## Input data
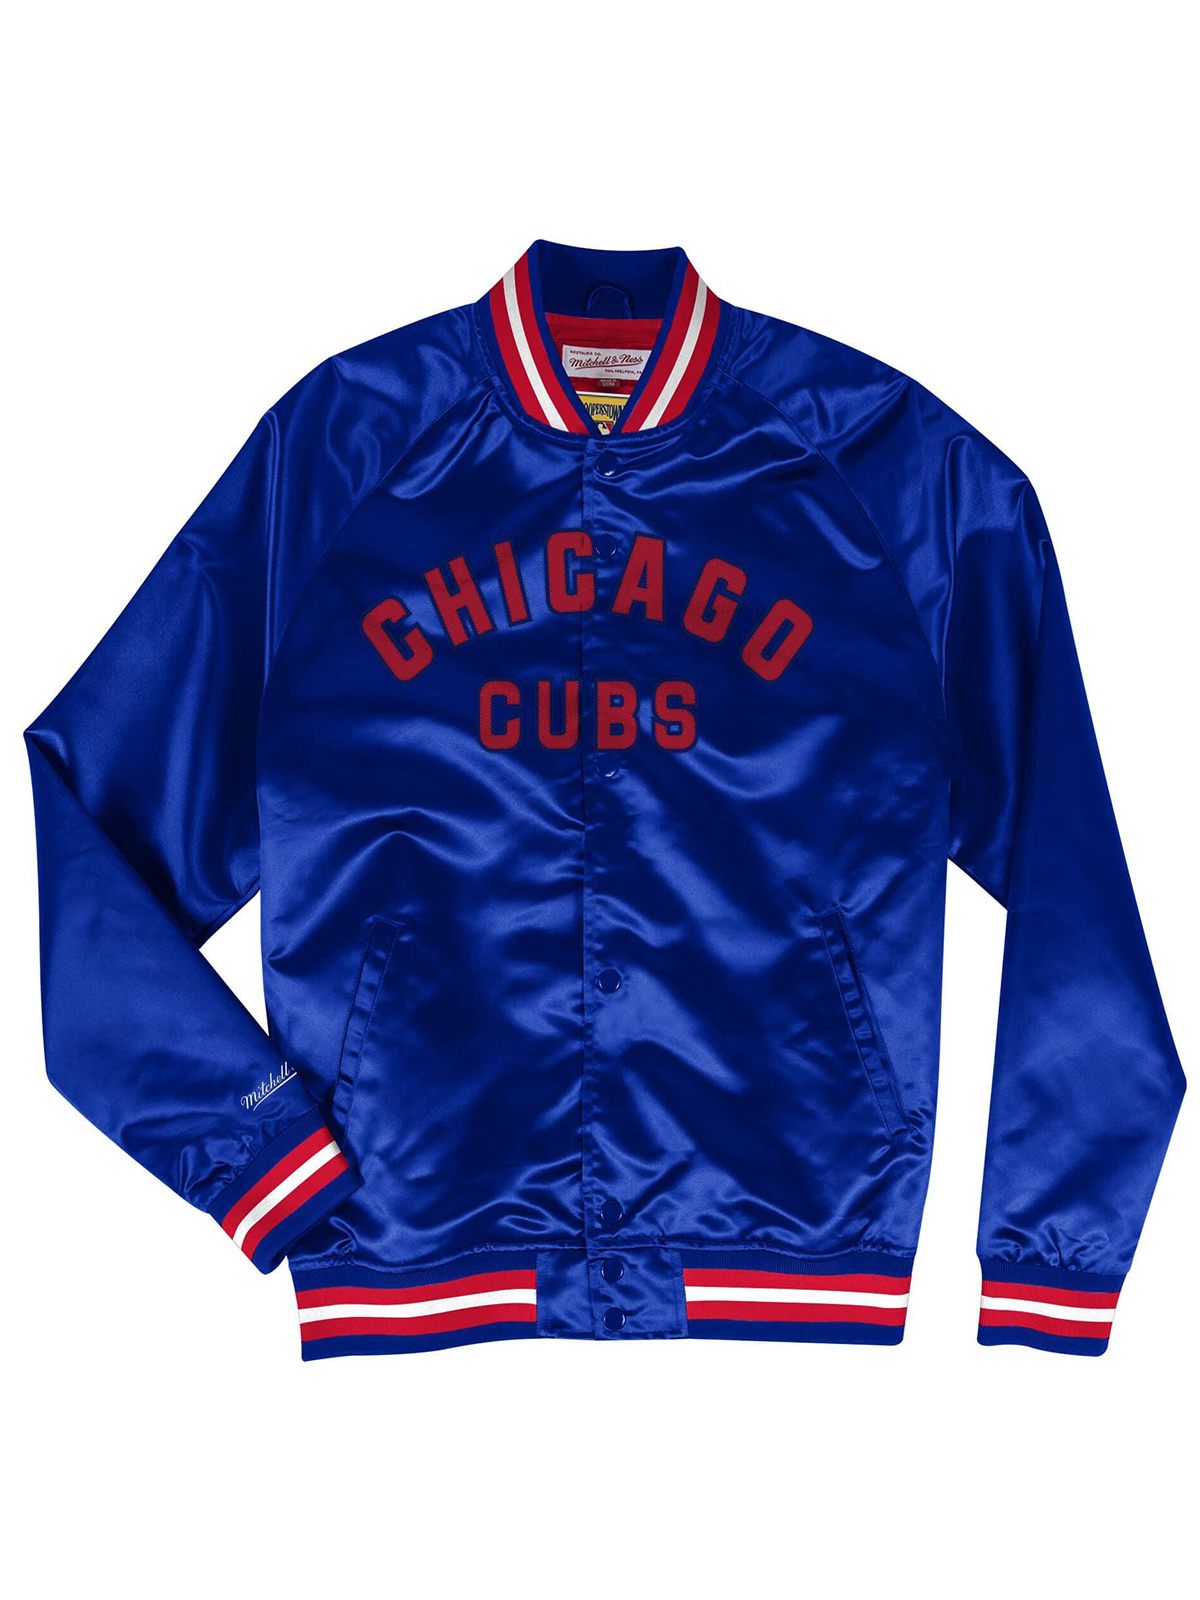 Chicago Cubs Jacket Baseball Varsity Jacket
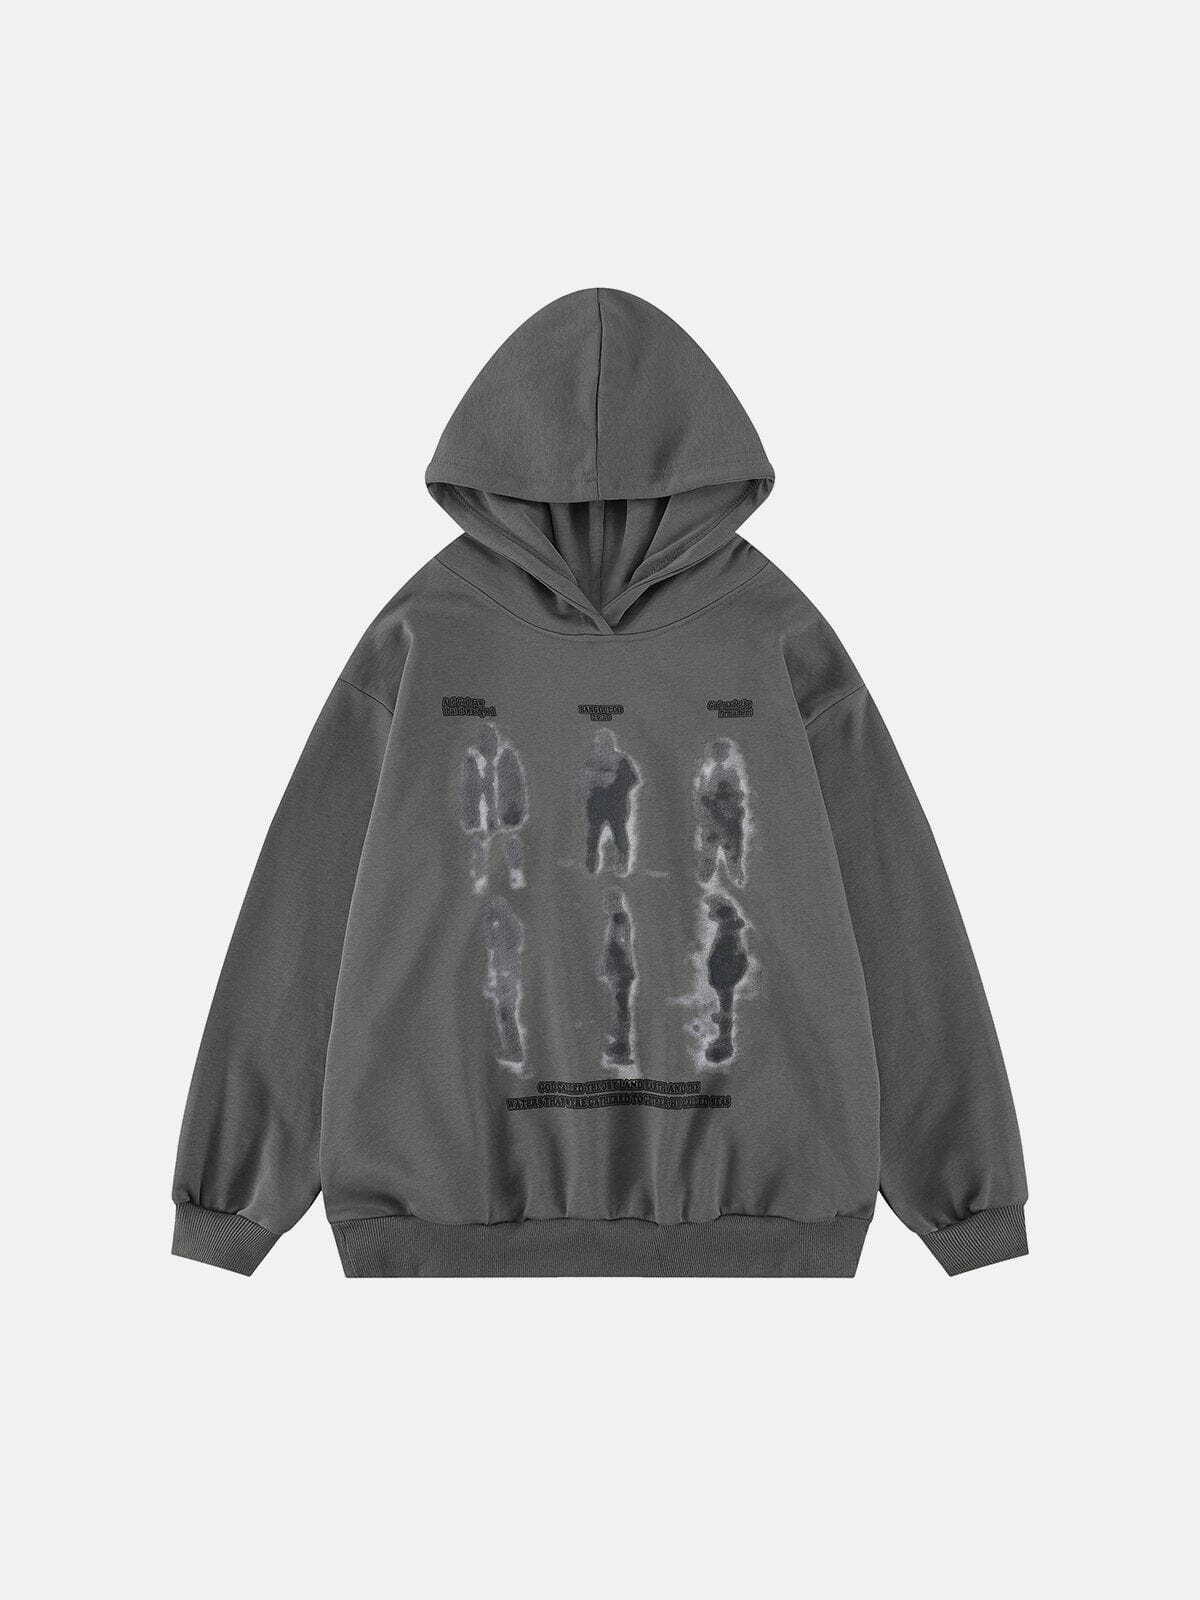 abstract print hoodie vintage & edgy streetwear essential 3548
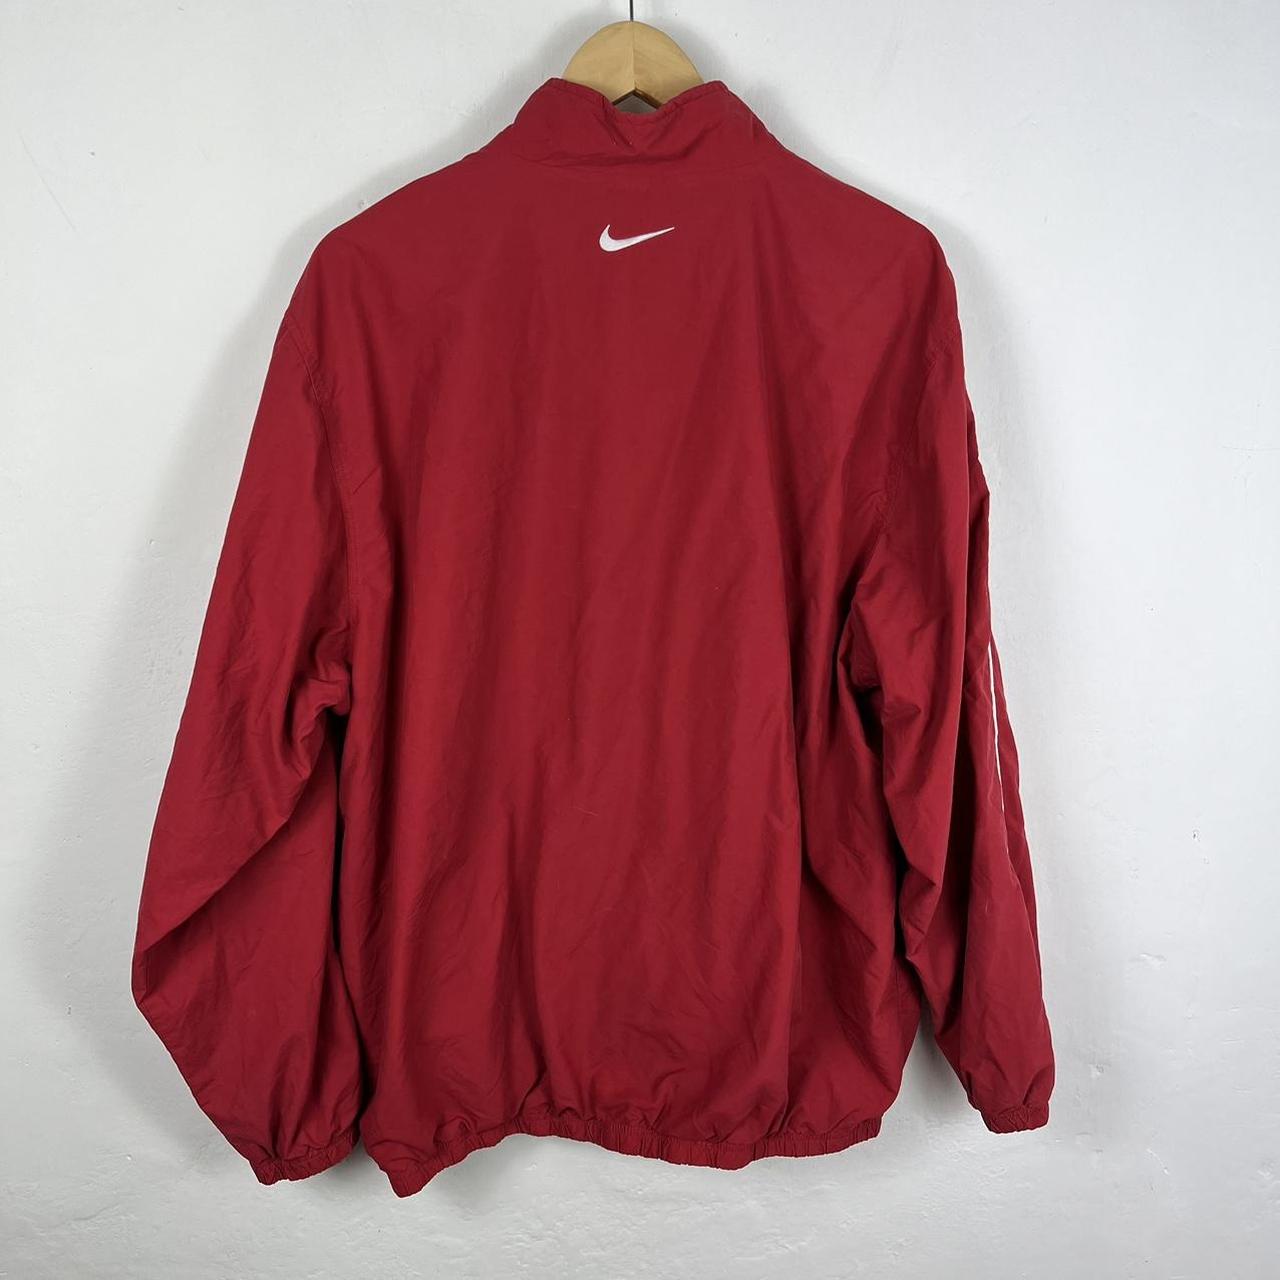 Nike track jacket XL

## Try it
Write the lines from the one containing "abstract print hoodie" through the end of the data above exactly as they appear, and do not carry over any picture.

## Answer below
 abstract print hoodie vintage & edgy streetwear essential 3548
 Nike track jacket XL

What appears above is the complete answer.